About this exercise: In the records below, the relevant part opens with the line containing "mandarins in a" and closes with the line containing "The Duluth Trading"; print that part exactly and only, without its pictures.

Given records:
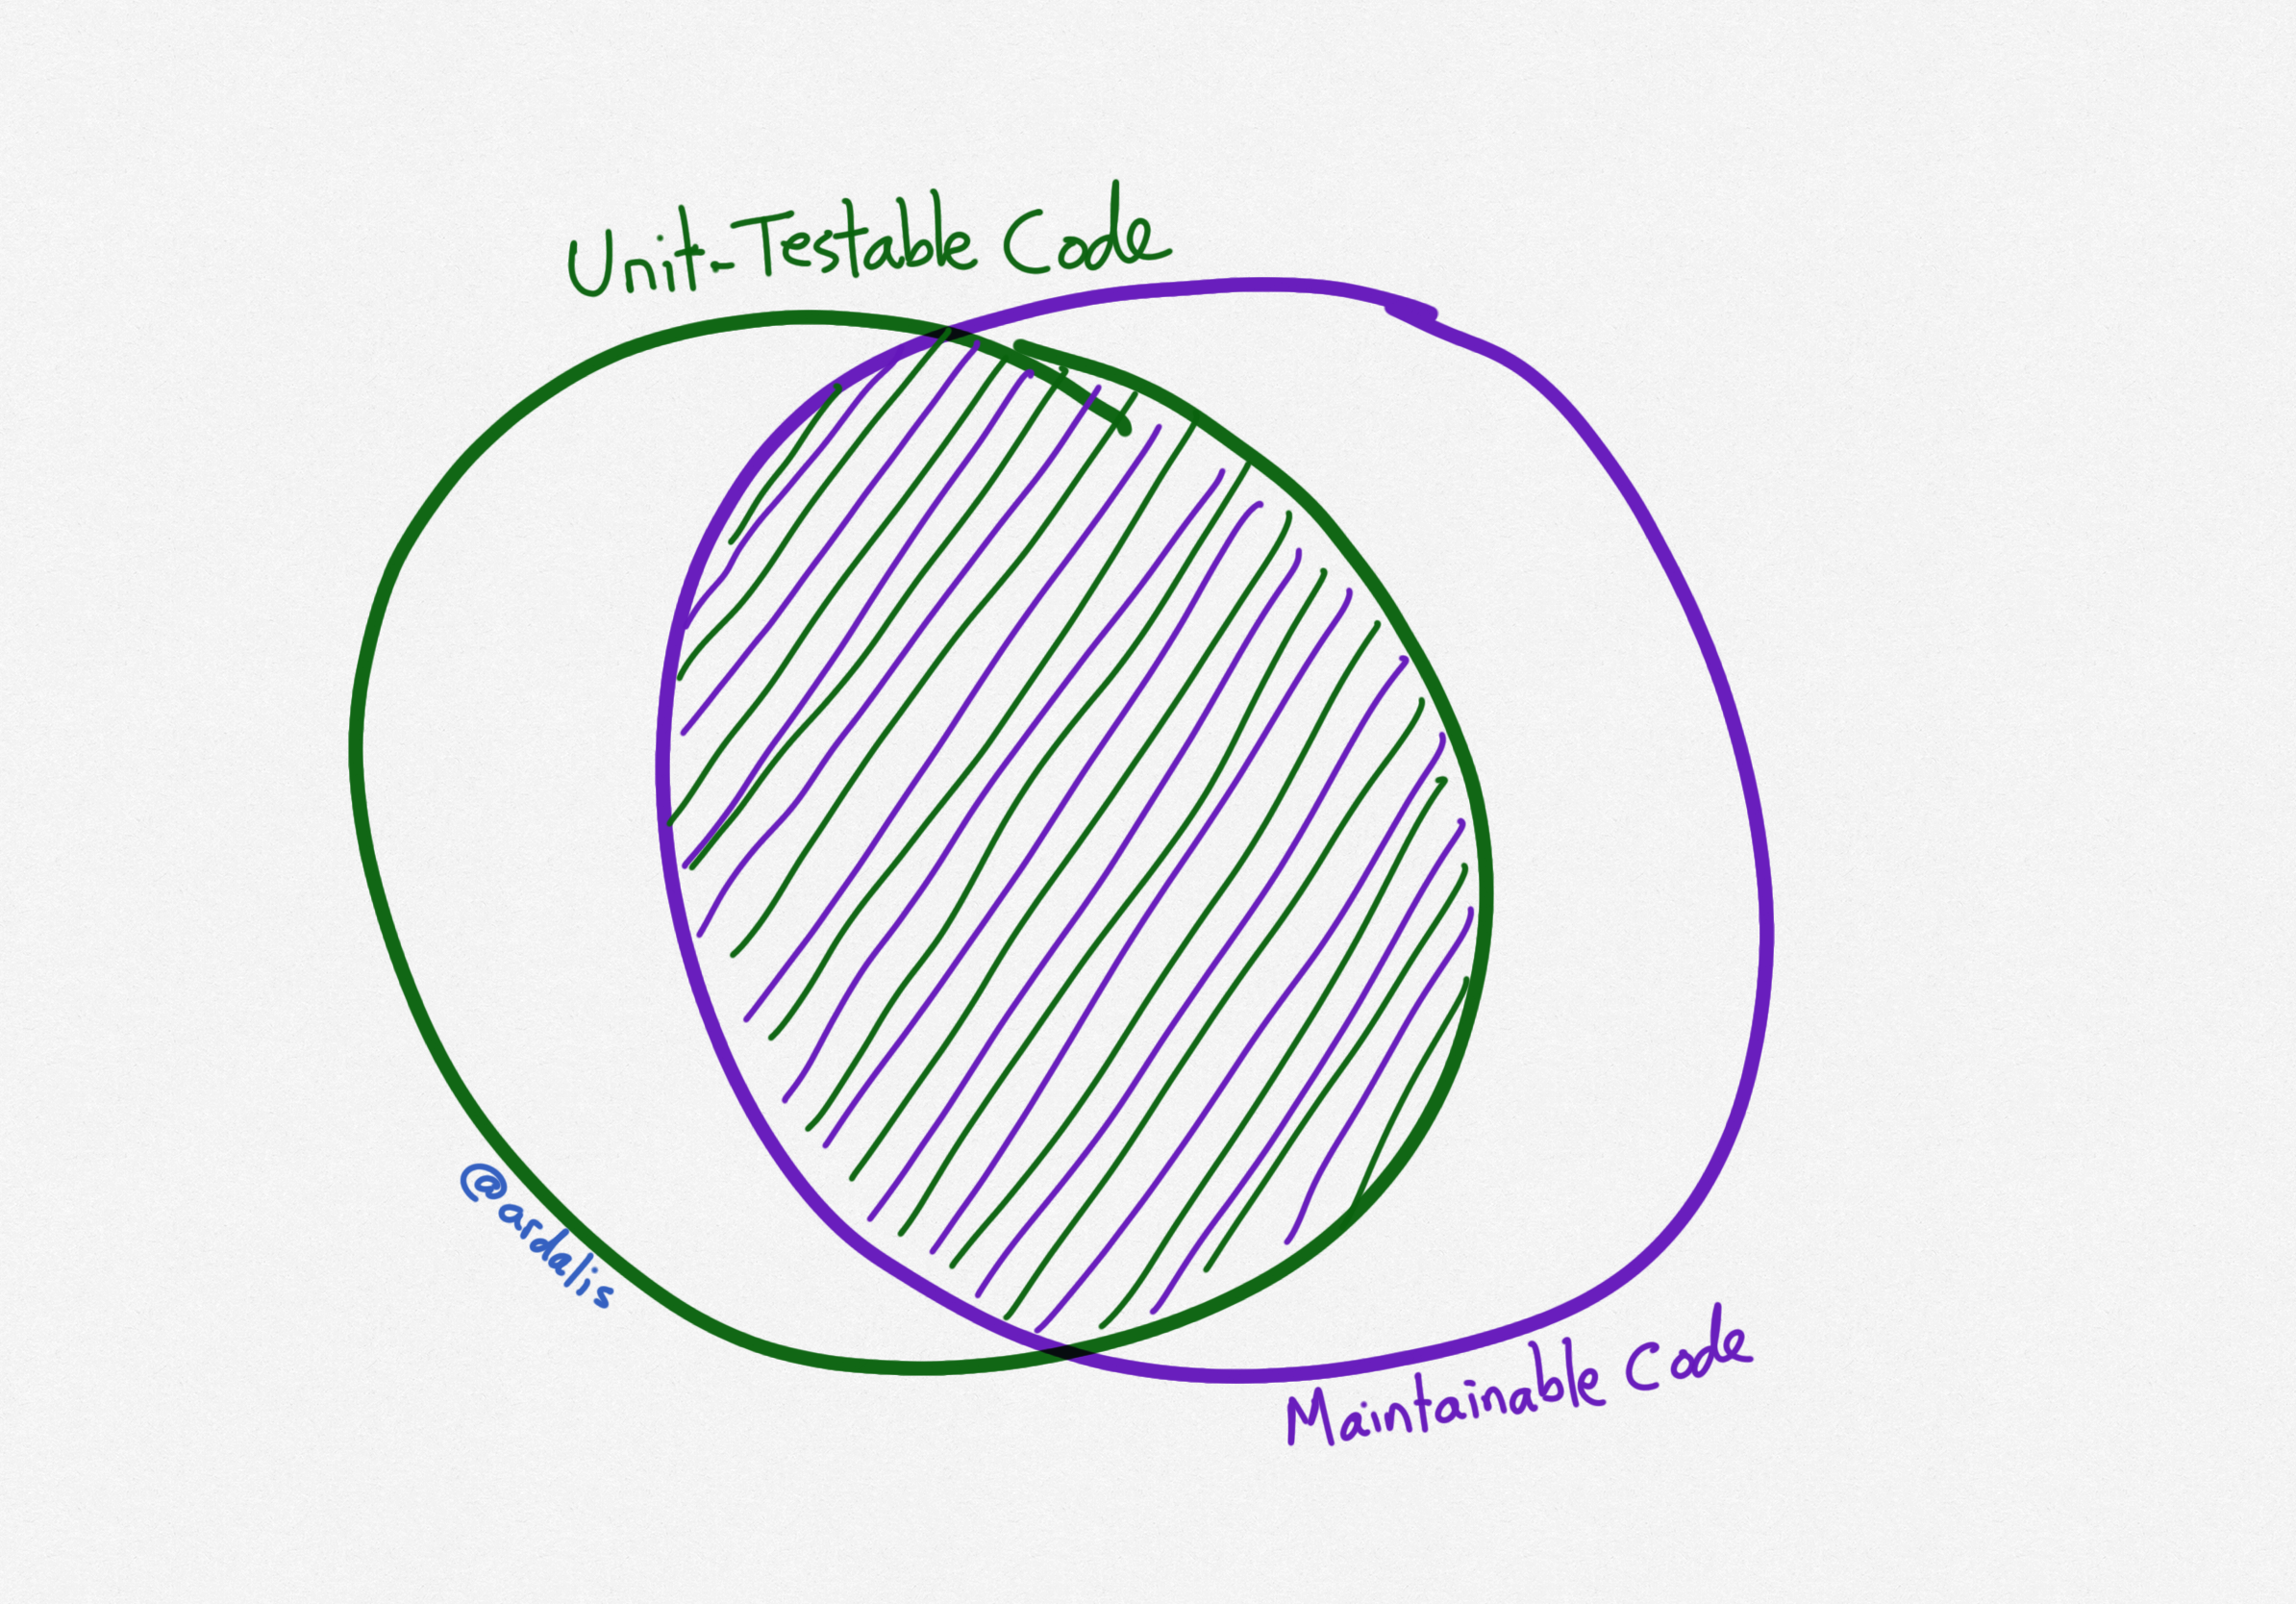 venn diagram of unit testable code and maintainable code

---

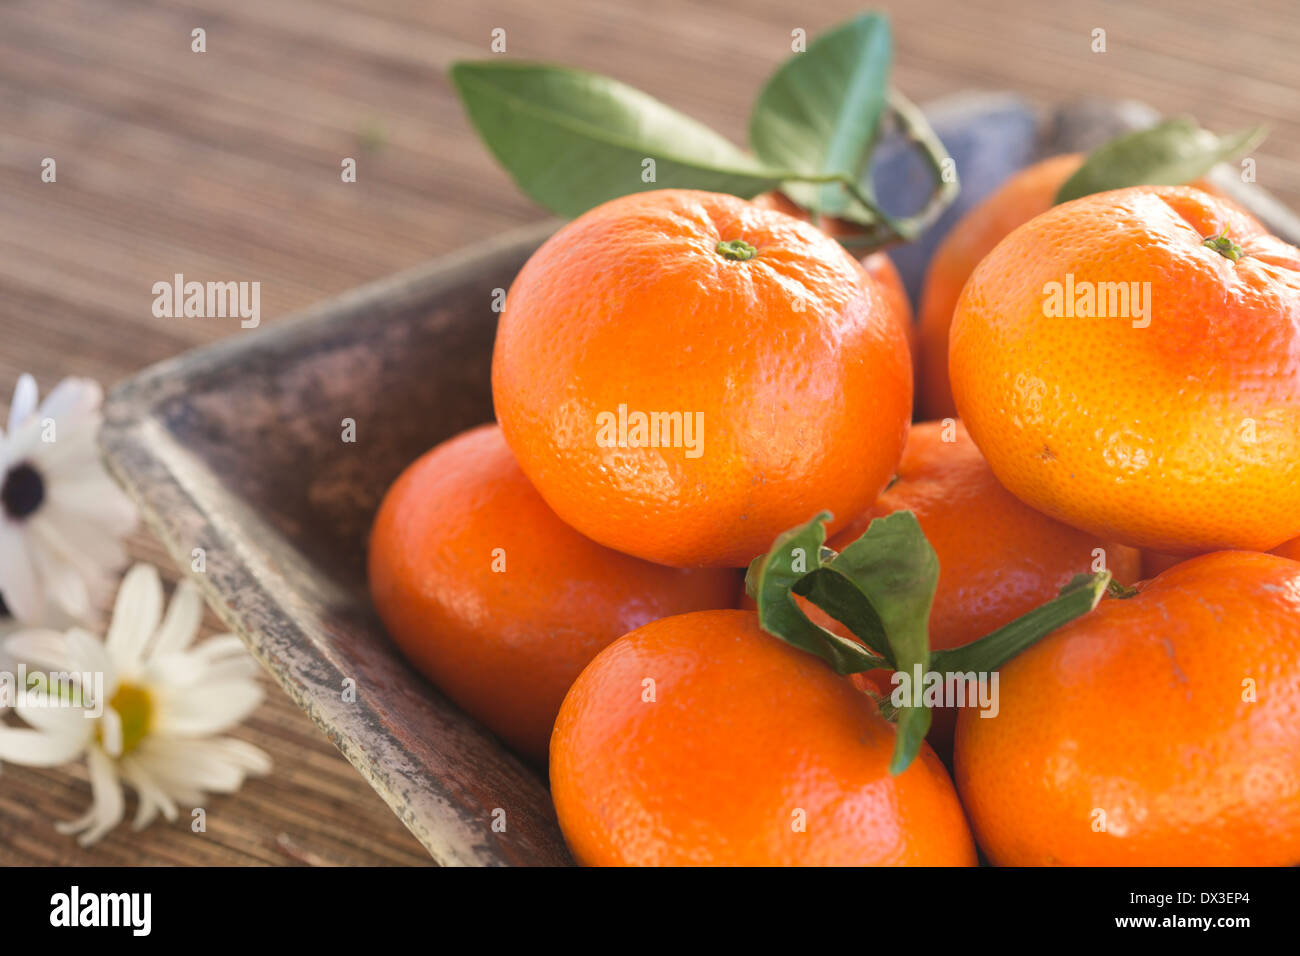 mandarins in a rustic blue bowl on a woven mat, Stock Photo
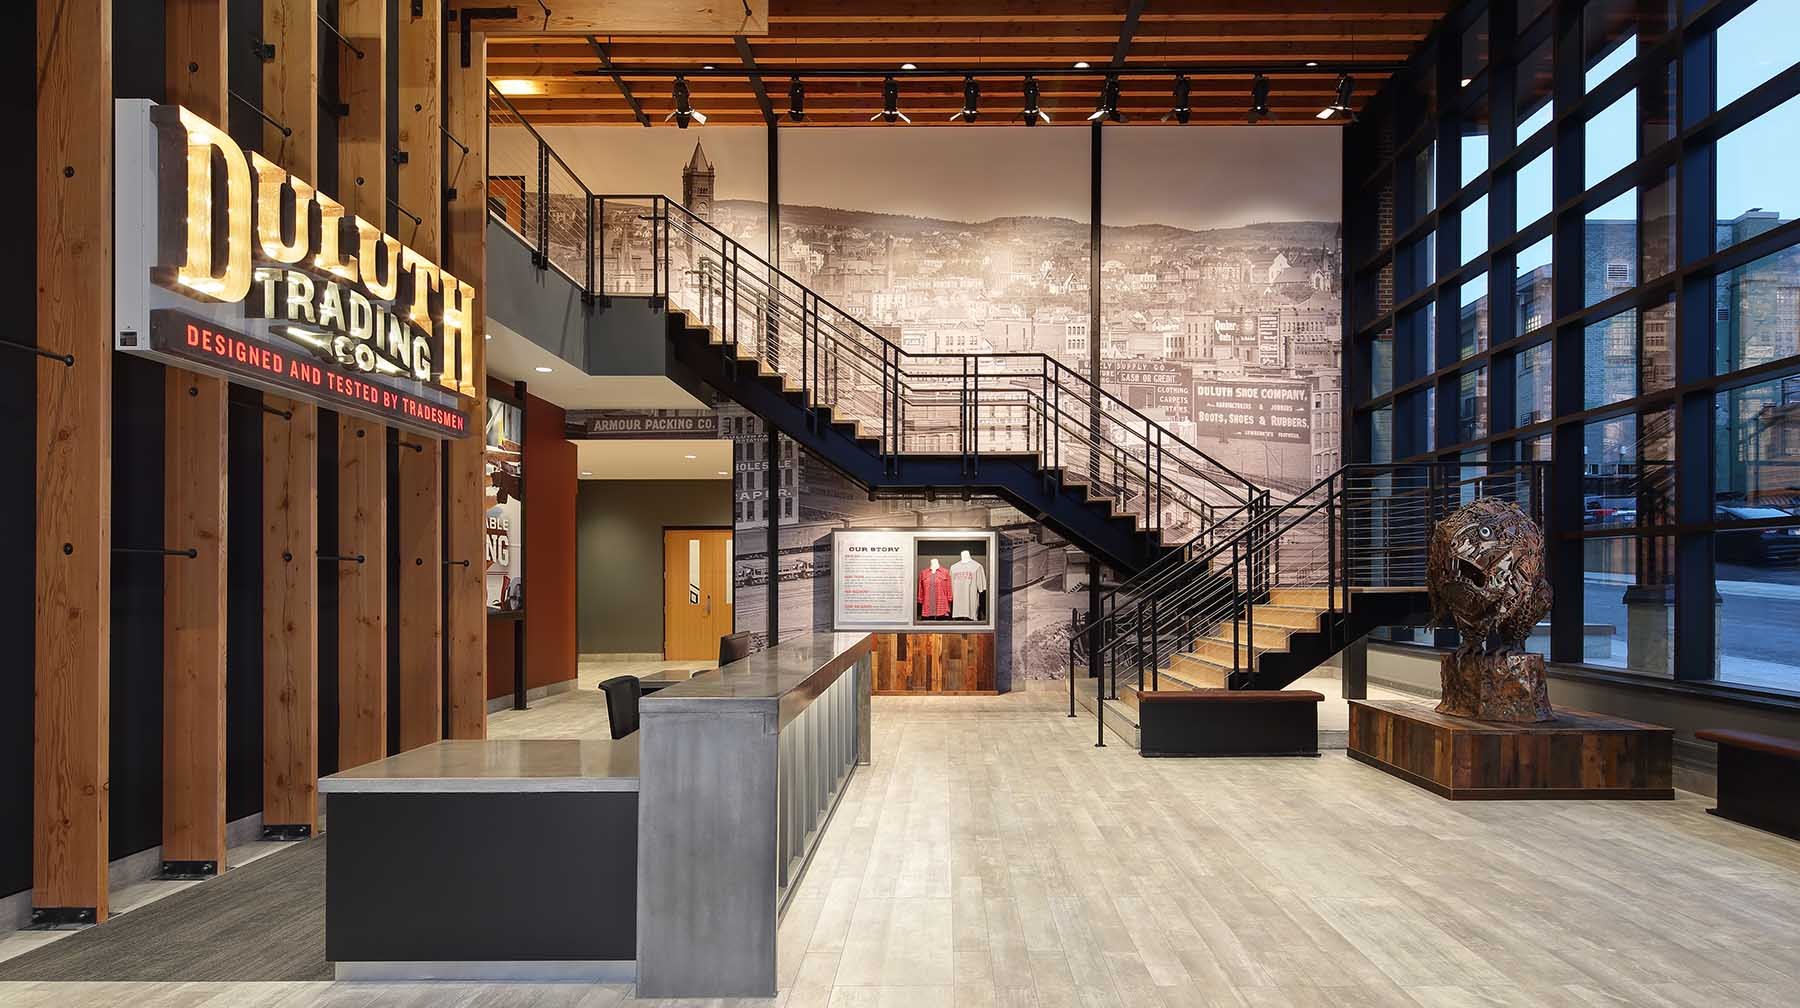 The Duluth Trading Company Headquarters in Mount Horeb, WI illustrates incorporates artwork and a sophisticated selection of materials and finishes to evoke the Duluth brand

Exercise output:
 mandarins in a rustic blue bowl on a woven mat, Stock Photo
 The Duluth Trading Company Headquarters in Mount Horeb, WI illustrates incorporates artwork and a sophisticated selection of materials and finishes to evoke the Duluth brand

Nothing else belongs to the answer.